Non-metastatic breast cancer describes a group of heterogeneous diseases with varying survival outcomes according to their different clinicopathological features. Physicians select different treatments based on these features. Therefore, accurately predicting overall survival (OS) for early-stage breast cancer patients may facilitate clinical decision-making and escalate or de-escalate treatment plans. Several survival prediction models, such as Adjuvant! Online (www.adjuvantonline.com), CancerMath (www.CancerMath.com) and PREDICT, have been developed and validated (www.predict.nhs.uk). These models were developed based on data from female Western populations. Females from Eastern populations, however, may have different ethnographic features, clinicopathological characteristics, disease profiles, and healthcare environments. Whether the current models are valid in Eastern populations remains unclear. Additionally, China accounts for 12.2% of global breast cancer cases and 9.6% of cancer-related deaths, with more than 1.6 million people diagnosed and 1.2 million people dying from breast cancer every year. Therefore, the development of a prediction model based on a Chinese population is essential.
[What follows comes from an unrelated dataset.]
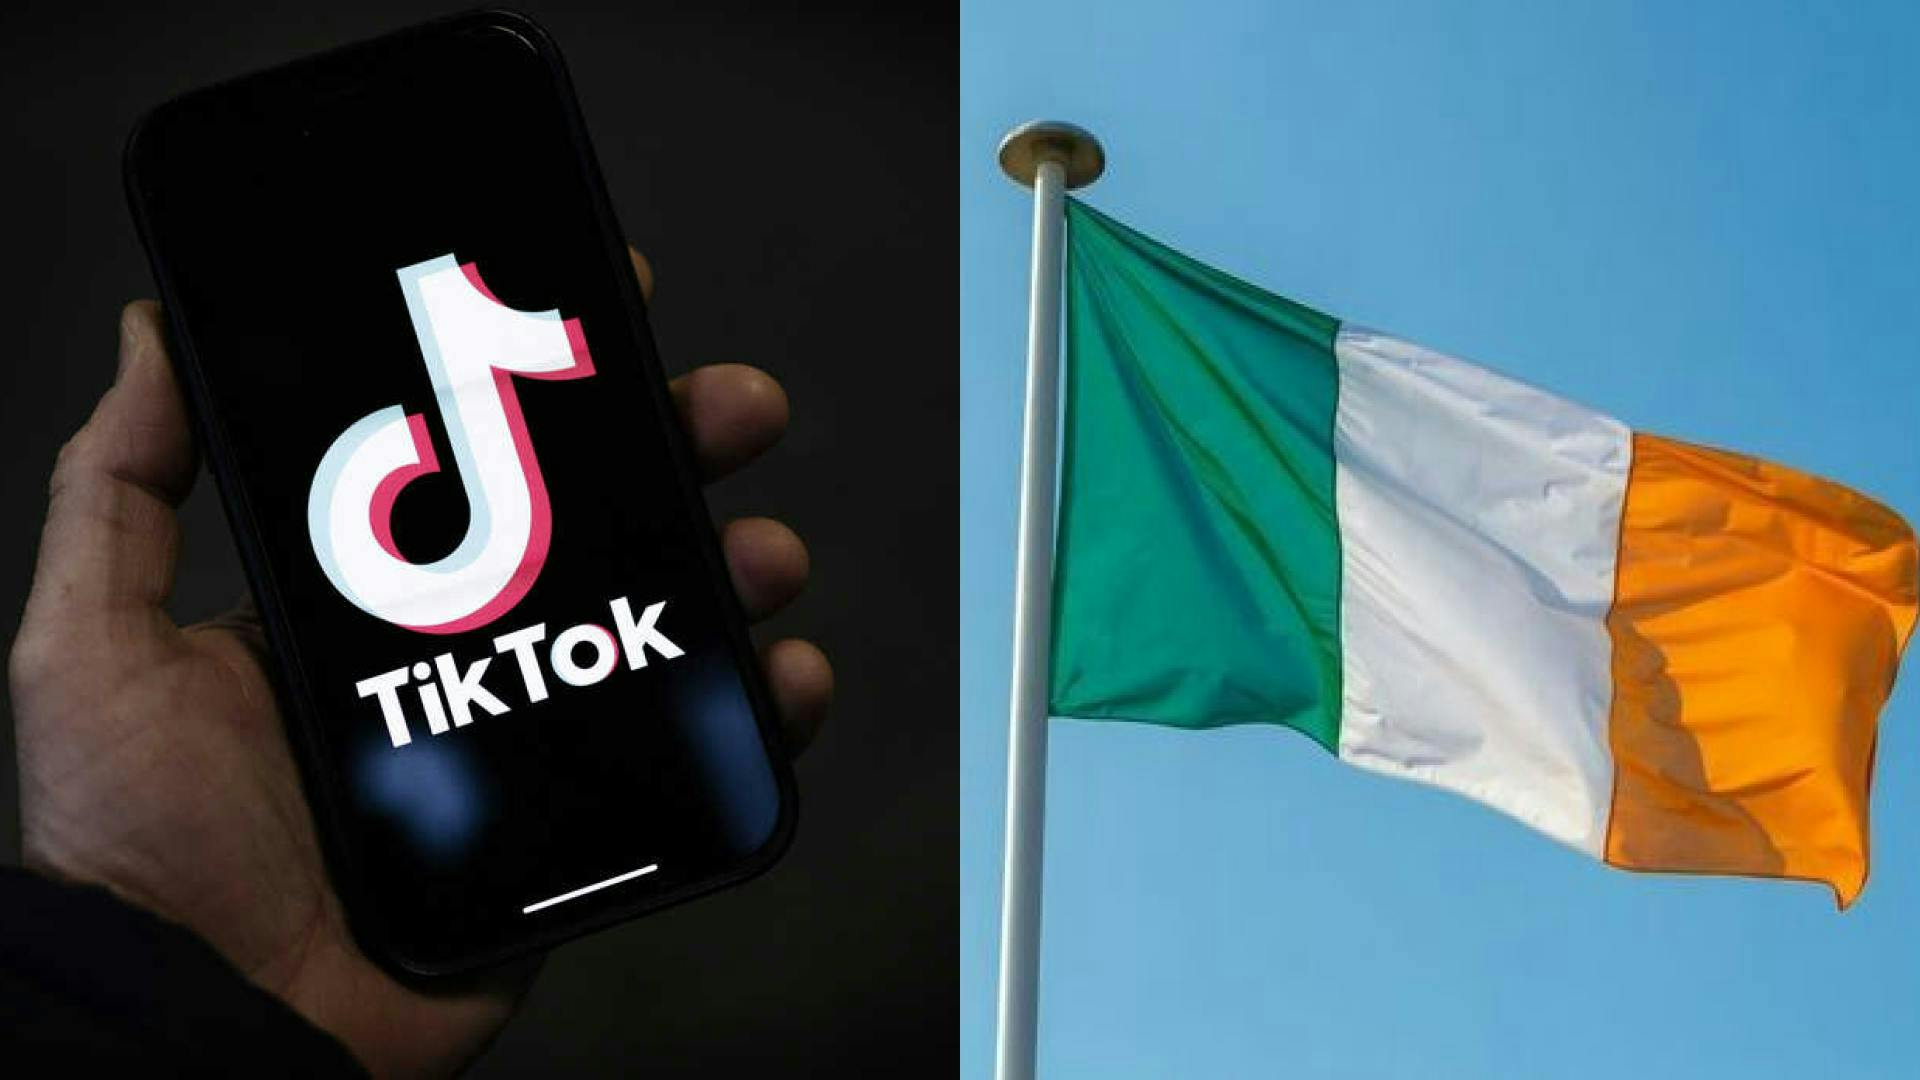 TikTok Announces Layoffs in Ireland
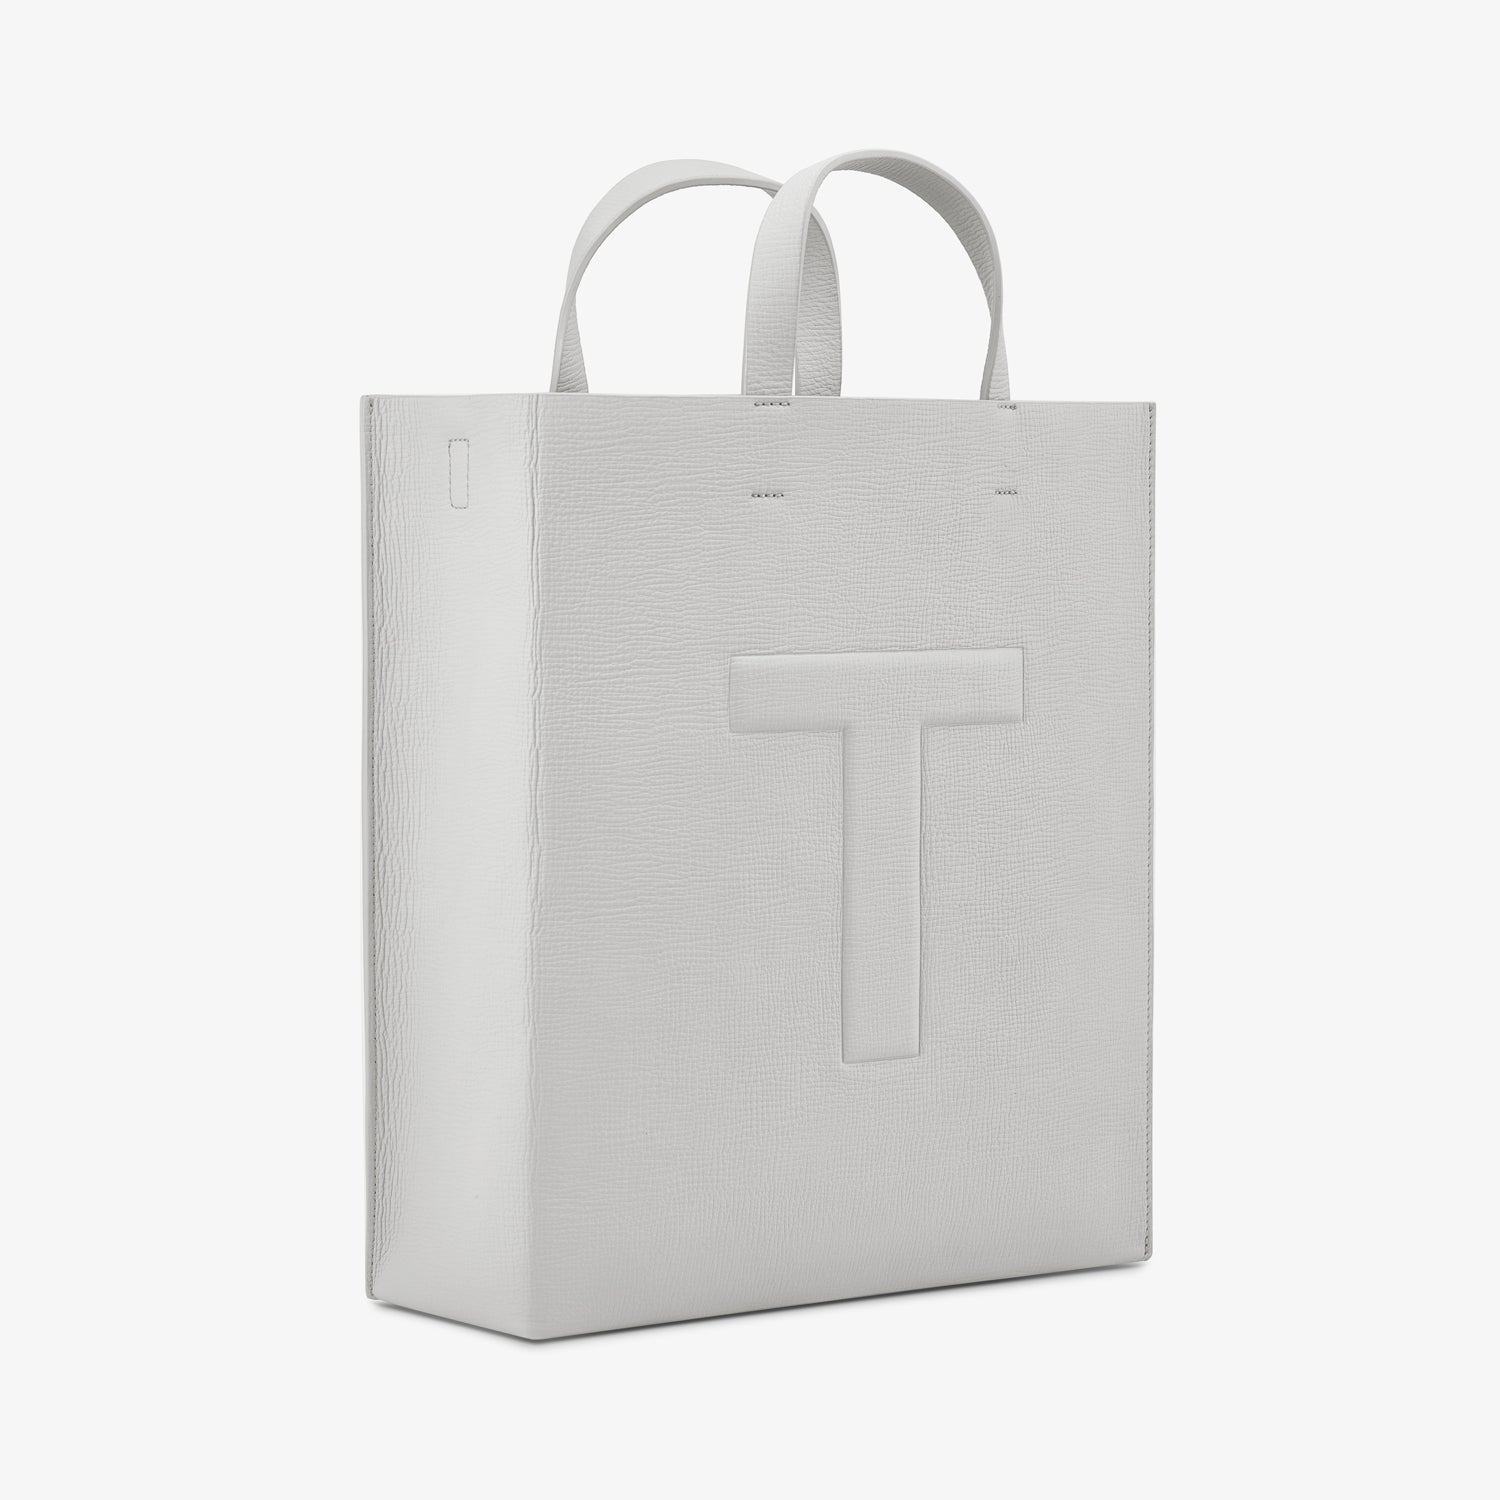 TUPLUS Travel Pro Tote Bag

In this retrospective multicenter study, we collected data from 3 tertiary teaching hospitals in Guangdong Province, China, and developed the Sun Yat-sen (SYS) model, a nomogram for survival prediction. We validated the SYS model and compared it with the CancerMath model.
Subjects and methods
We included eligible non-metastatic breast cancer patients who received breast-conserving surgery or mastectomy at 3 tertiary teaching hospitals (Sun Yat-sen Memorial Hospital [SYSMH], the First People's Hospital of Foshan [FPHF], and Sun Yat-sen University Cancer Center [SYSUCC]) in Guangdong Province, China between January 1, 2009 and December 31, 2011. The eligibility criteria used to screen the patients were as follows:
- Patients with stage I to III breast cancer in accordance with the criteria set by the American Joint Committee on Cancer
- Aged 18 years or above
- Capable of providing responses during follow-up
- Ability to understand the nature of the study and willing to give informed consent
- Metastatic or de novo stage IV breast cancer
- Phyllodes tumor of the breast
- Unknown estrogen receptor (ER) status, human epidermal growth factor receptor 2 (HER2) status, T stage, and lymph node status.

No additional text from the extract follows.